Те, кто рвался в бой, презирали меня, я тихо их ненавидел за то, как бодро и весело они шли убивать. В больших городах, охваченных военным азартом, где нам приходилось останавливаться, я то и дело отбивался от королевских вербовщиков. Они нажимали на мужество и отвагу, на защиту священных рубежей и на щедрую награду за службу — я огрызался, что у такой сволочи, как бродячий комедиант, мужества нет по определению, что я не хочу защищать наши рубежи на чужой земле и что меня не прельщает награбленное. Они плевали мне под ноги и уходили: им и так отбою не было от желающих повоевать. В их глазах я был обычным подонком: кукольник-движитель — либо лишенный наследства и статуса аристократ, либо ублюдок, бастард, не признанный отцом. В любом случае — ниже низкого. Однако хватать и тащить меня чревато: движитель есть движитель, двигать чурбаны можно и со связанными руками, и даже, если сил достаточно, из окошка гауптвахты. Олень отлично показывал вербовщикам, что силы у меня в избытке — они отступались.
Если бы мы развлекали уходящую на грабеж солдатню, наши дела шли бы намного лучше. Но мы с Тоней старались держаться как можно дальше и от солдат, и от людоедского восторга тех, кто их провожал, заранее радуясь будущим трофеям. Мы ушли вглубь страны и давали представления в маленьких городишках и деревнях, где нам чаще платили не деньгами, а едой, и выли по солдатам, как по мертвым.

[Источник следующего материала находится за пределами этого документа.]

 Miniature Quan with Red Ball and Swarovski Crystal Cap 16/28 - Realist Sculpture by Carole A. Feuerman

Лето начиналось многообещающе ясно и тепло, но выдалось дождливым и холодным. Урожай у крестьян не задался, они еле сводили концы с концами — и мы. Ослик с трудом тащил повозку по раскисшим дорогам, в объезд больших городов — а в деревнях нас встречали, как искорку радости среди тягот и неудач. Тоня играла на флейте, как лесная фея, Малыш, к полному восторгу нашей публики, наивно, но очень забавно двигал Гусеницу, мы с Оленем плясали, как на деревенских танцульках, а Птичка вытаскивала из моей старой шляпы предсказания: "Ваш сын вернется живым" и "Война закончится до холодов". И даже в самых нищих деревушках для нас находились несколько глотков молока, кусок хлеба и охапка сена для ослика: жители деревушек улыбались, иногда даже смеялись — и считали, что это дорого стоит.

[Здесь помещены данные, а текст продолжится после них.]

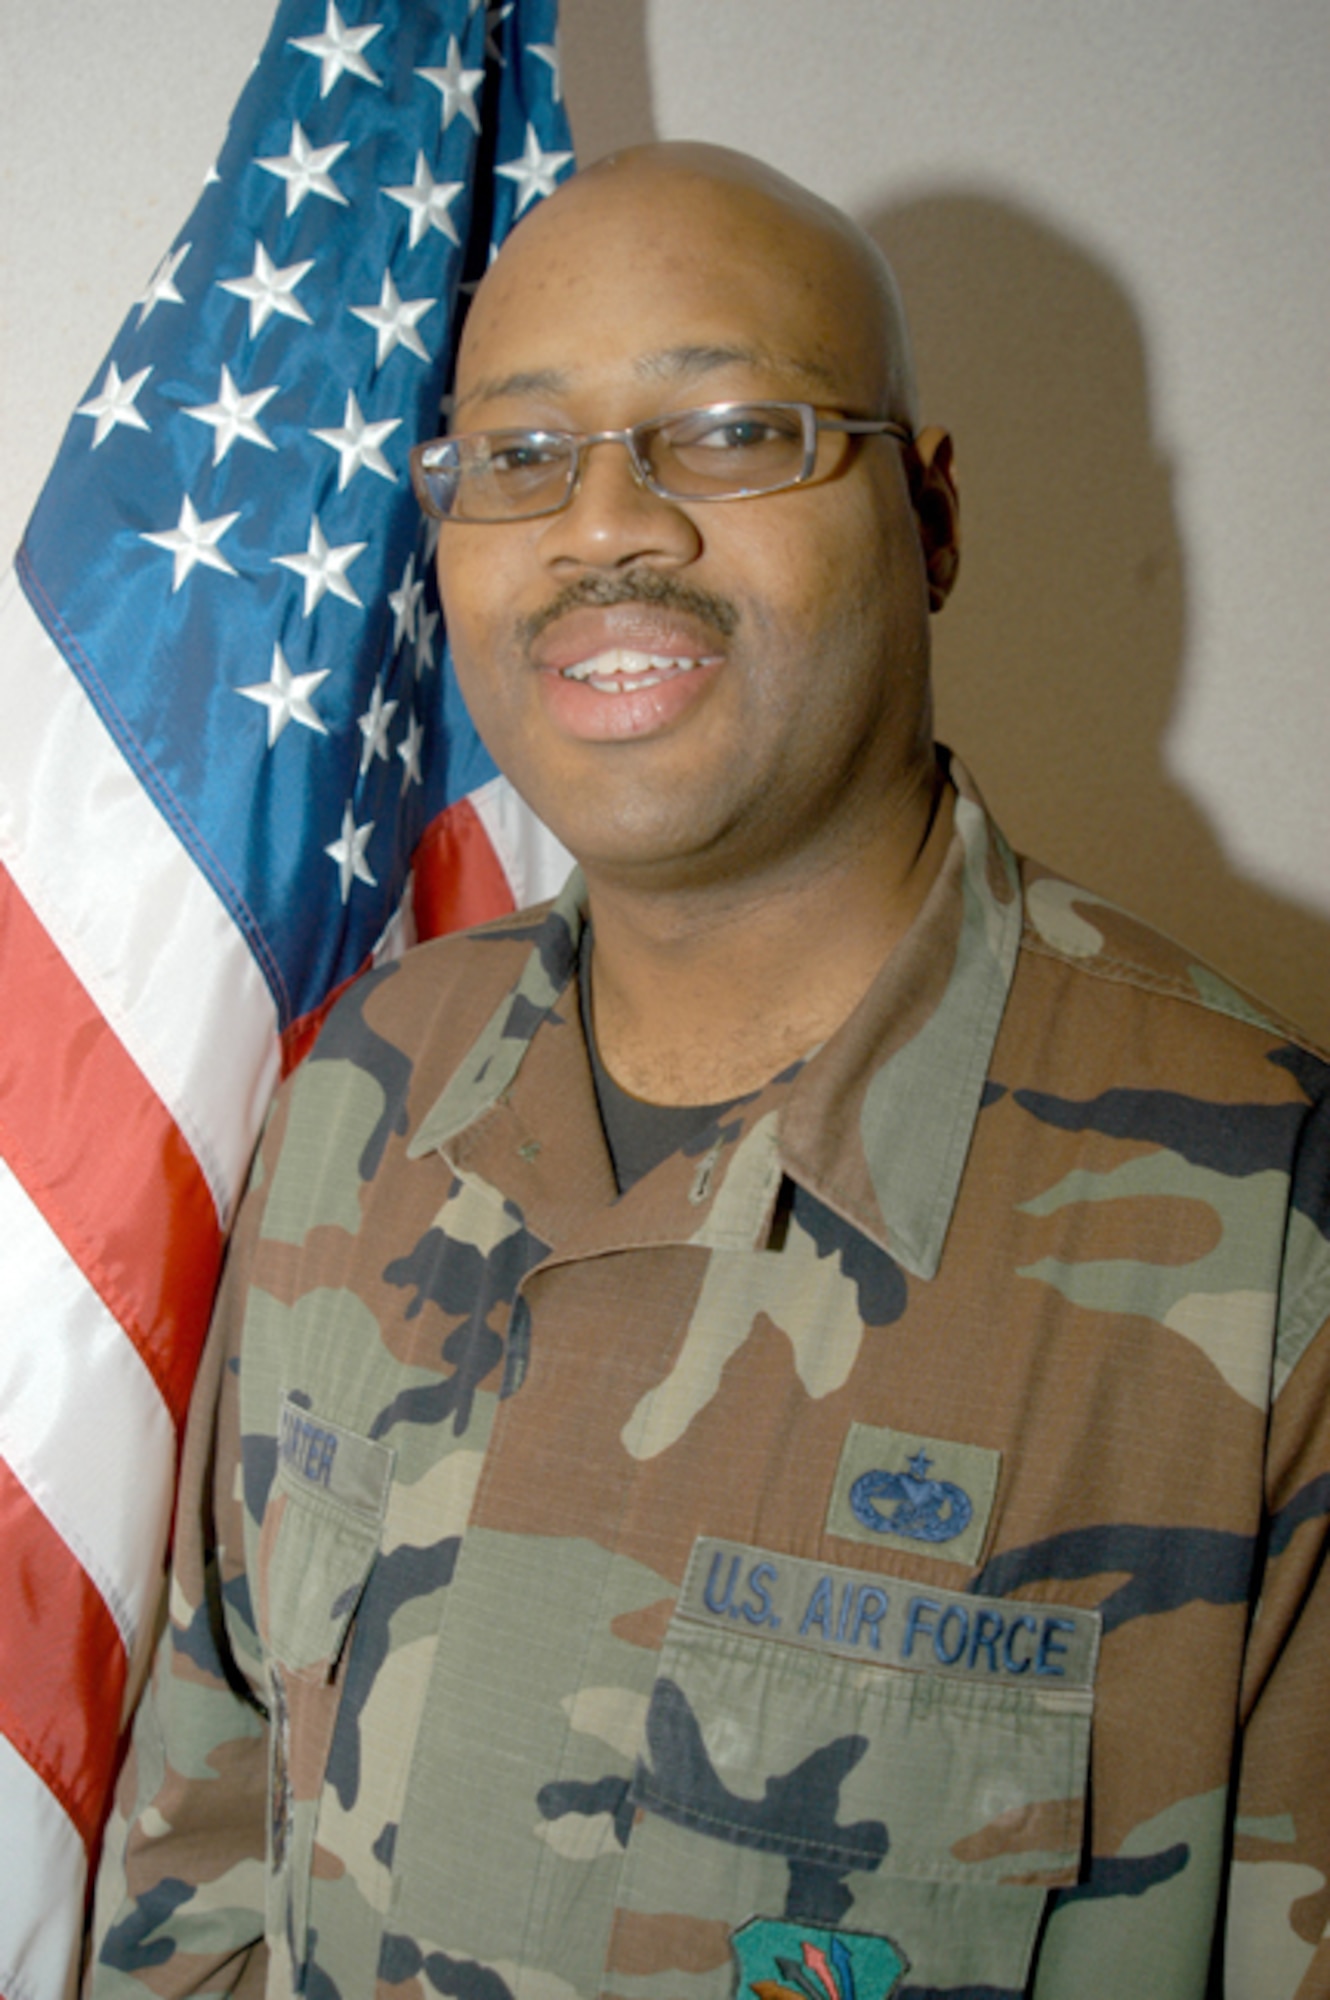 GRISSOM AIR RESERVE BASE, Ind. -- Master Sgt. James Carter, 434th Logistics Readiness Squadron, was selected as the 434th Air Refueling Wing First Sergeant of the Year for 2006. (U.S. Air Force photo/Senior Airman Mark Orders-Woempner)

Осень не сулила ничего доброго, а война и впрямь кончилась до холодов — но не так, как ожидал наш король. Из грандиозных планов наших доблестных героев, завоевателей чужеземных варваров, на сей раз ничего не вышло: в сражении у Белой горы пролились целые реки крови с обеих сторон — и наша армия обратилась в бегство. Они тащились восвояси под ледяными осенними дождями, обозы вязли в грязи, лошади падали и умирали в придорожных канавах, а соседи добивали отступающих в спину. Ни славы, ни денег никто не получил; домой вернулась не бравая армия, а побитые псы, едва справляющиеся с болью, голодом и злобой. Многие из них дезертировали, сбившись в банды, тем более опасные, что у них еще сохранилось оружие.

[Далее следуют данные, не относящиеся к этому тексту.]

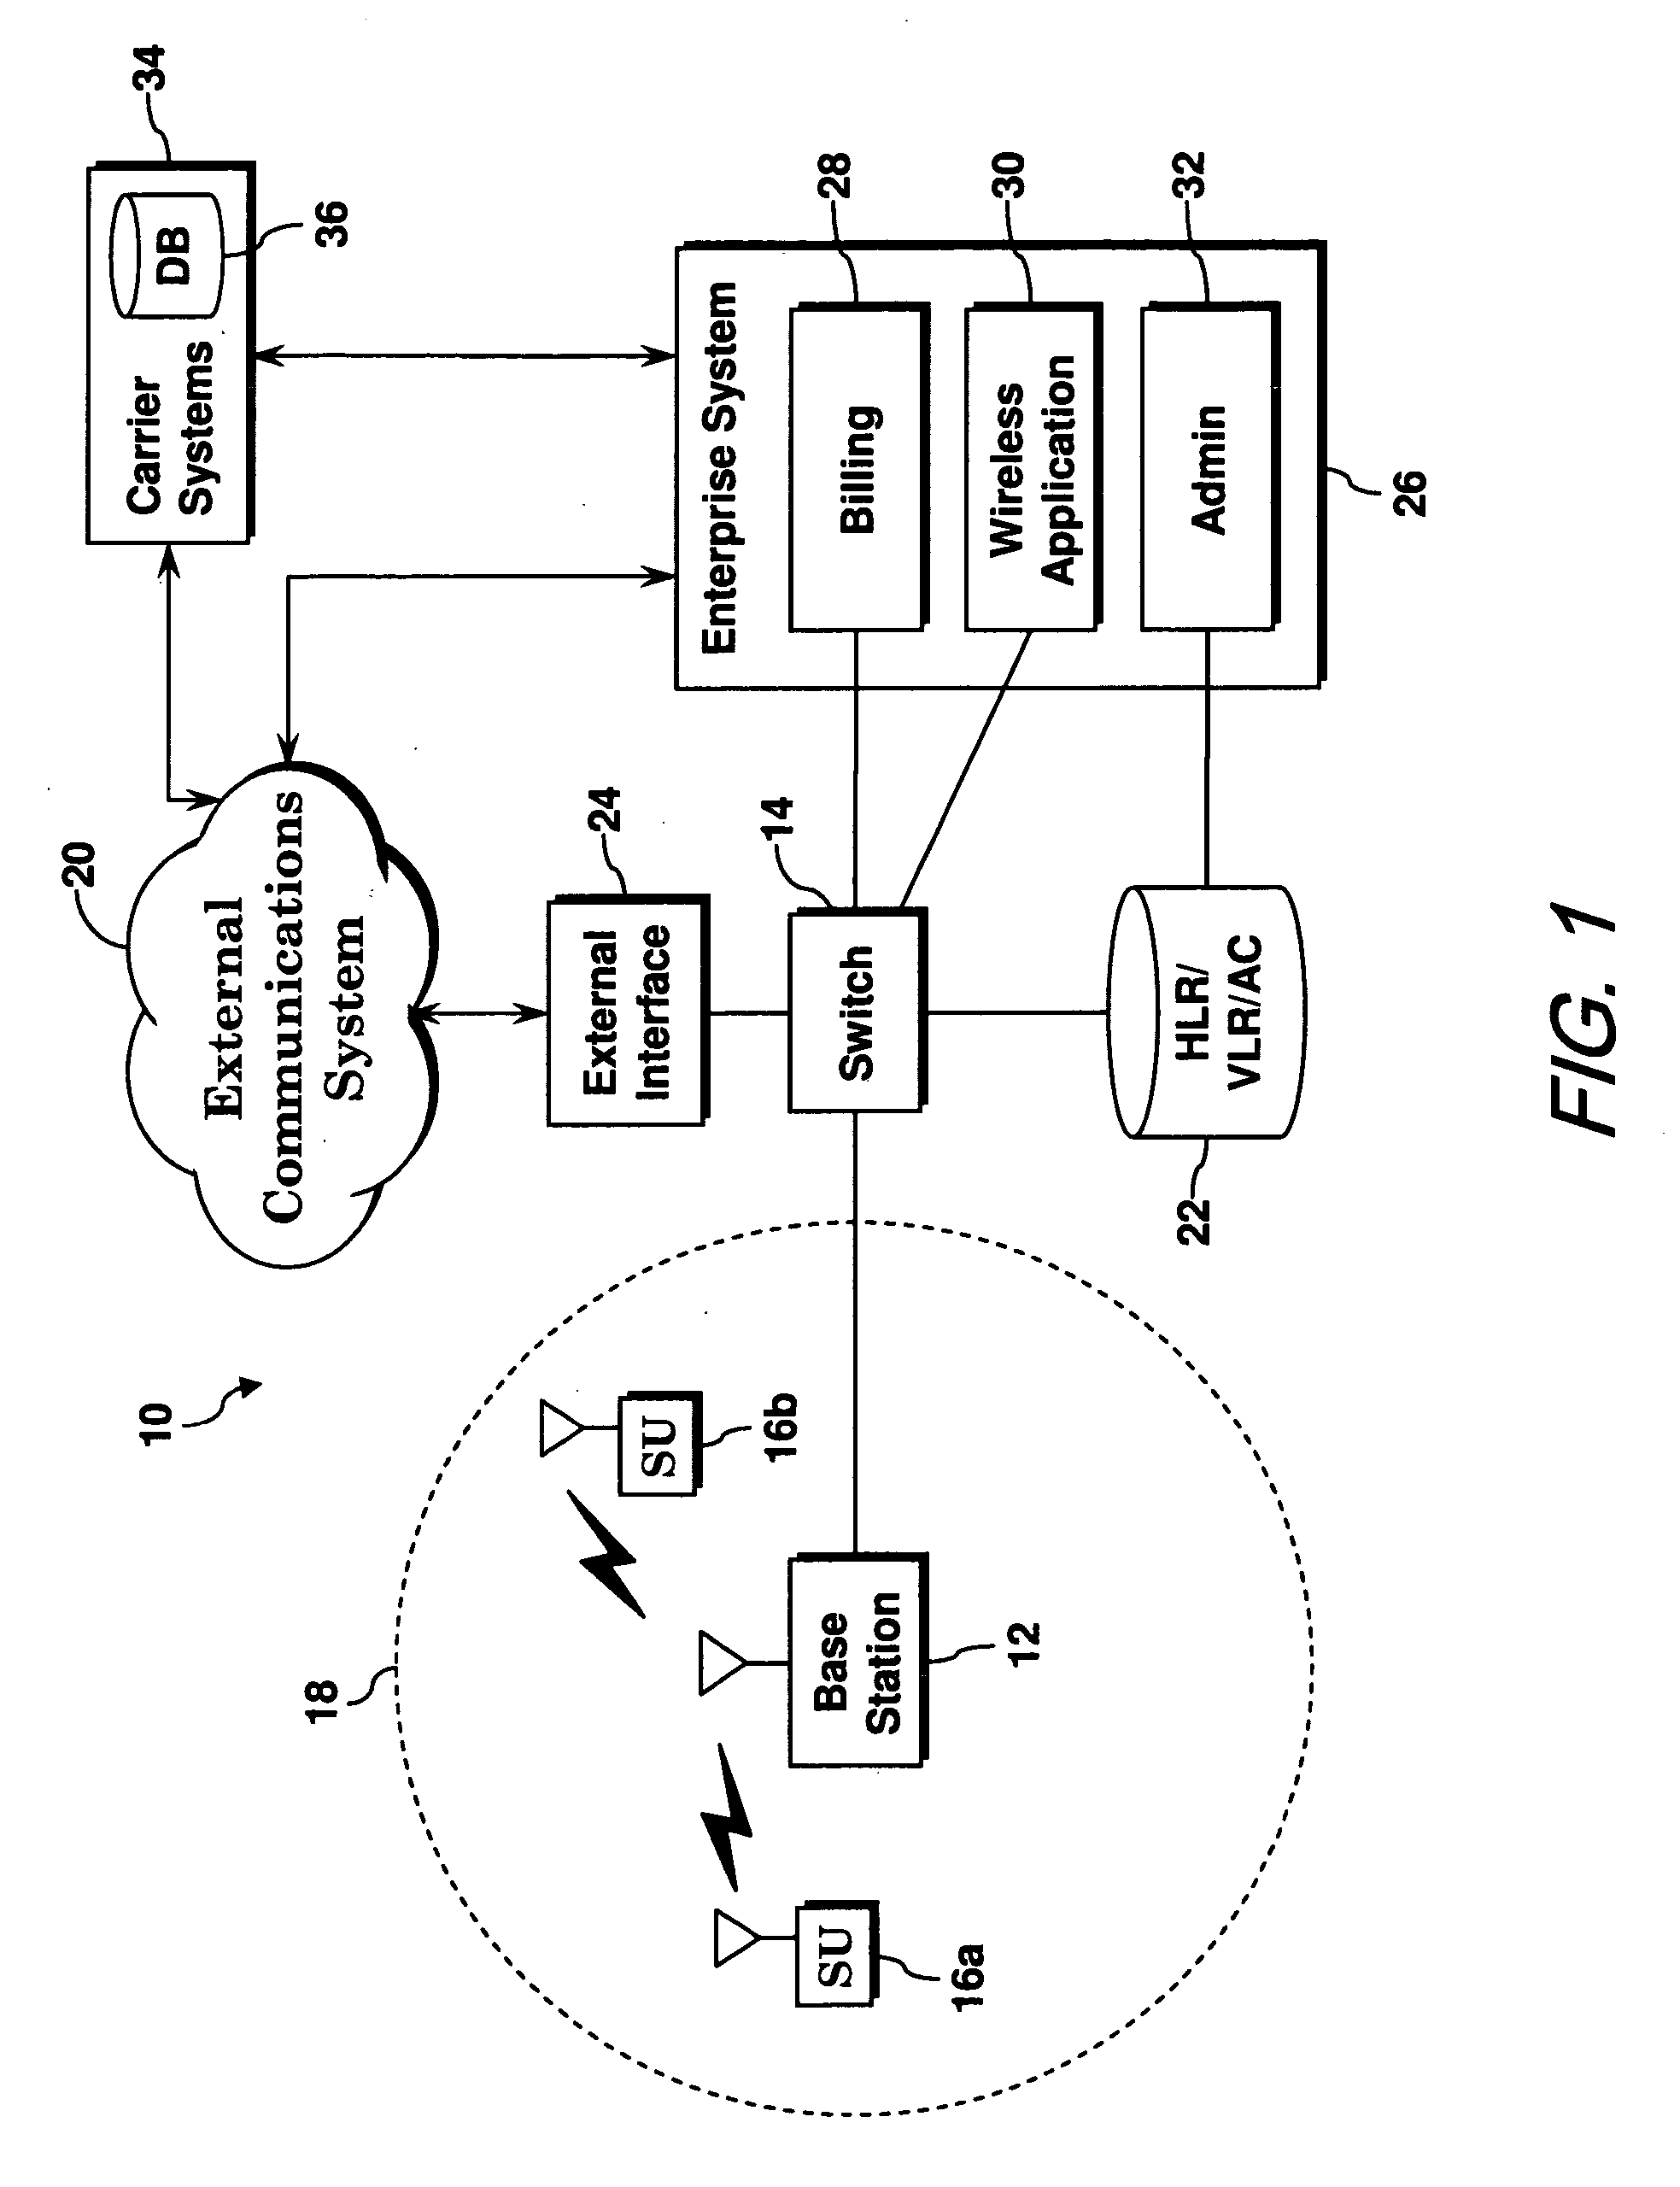 System and method for operating a private wireless communications system

Полевая жандармерия охотилась на мародёров, как на крыс — но после поражения в войне их развелось слишком много. Твари делали на своей земле то, чего им не позволили на чужой — грабили, насиловали, а порой и убивали. Если мы могли держаться подальше от армии, то избегать мародёров оказалось невозможно: они рыскали в стылых сумерках осени в поисках жилья, где можно раздобыть жратву, выпивку и баб — и могли объявиться где угодно, выбирая только места, откуда война забрала молодых здоровых мужчин. Когда мы приезжали в деревню, где твари побывали, я видел девчонок с кровоподтеками на лицах, шарахающихся от собственной тени, пепелища и свежие могилы. Тогда мне приходило в голову, что свои могут быть куда хуже и опаснее чужаков.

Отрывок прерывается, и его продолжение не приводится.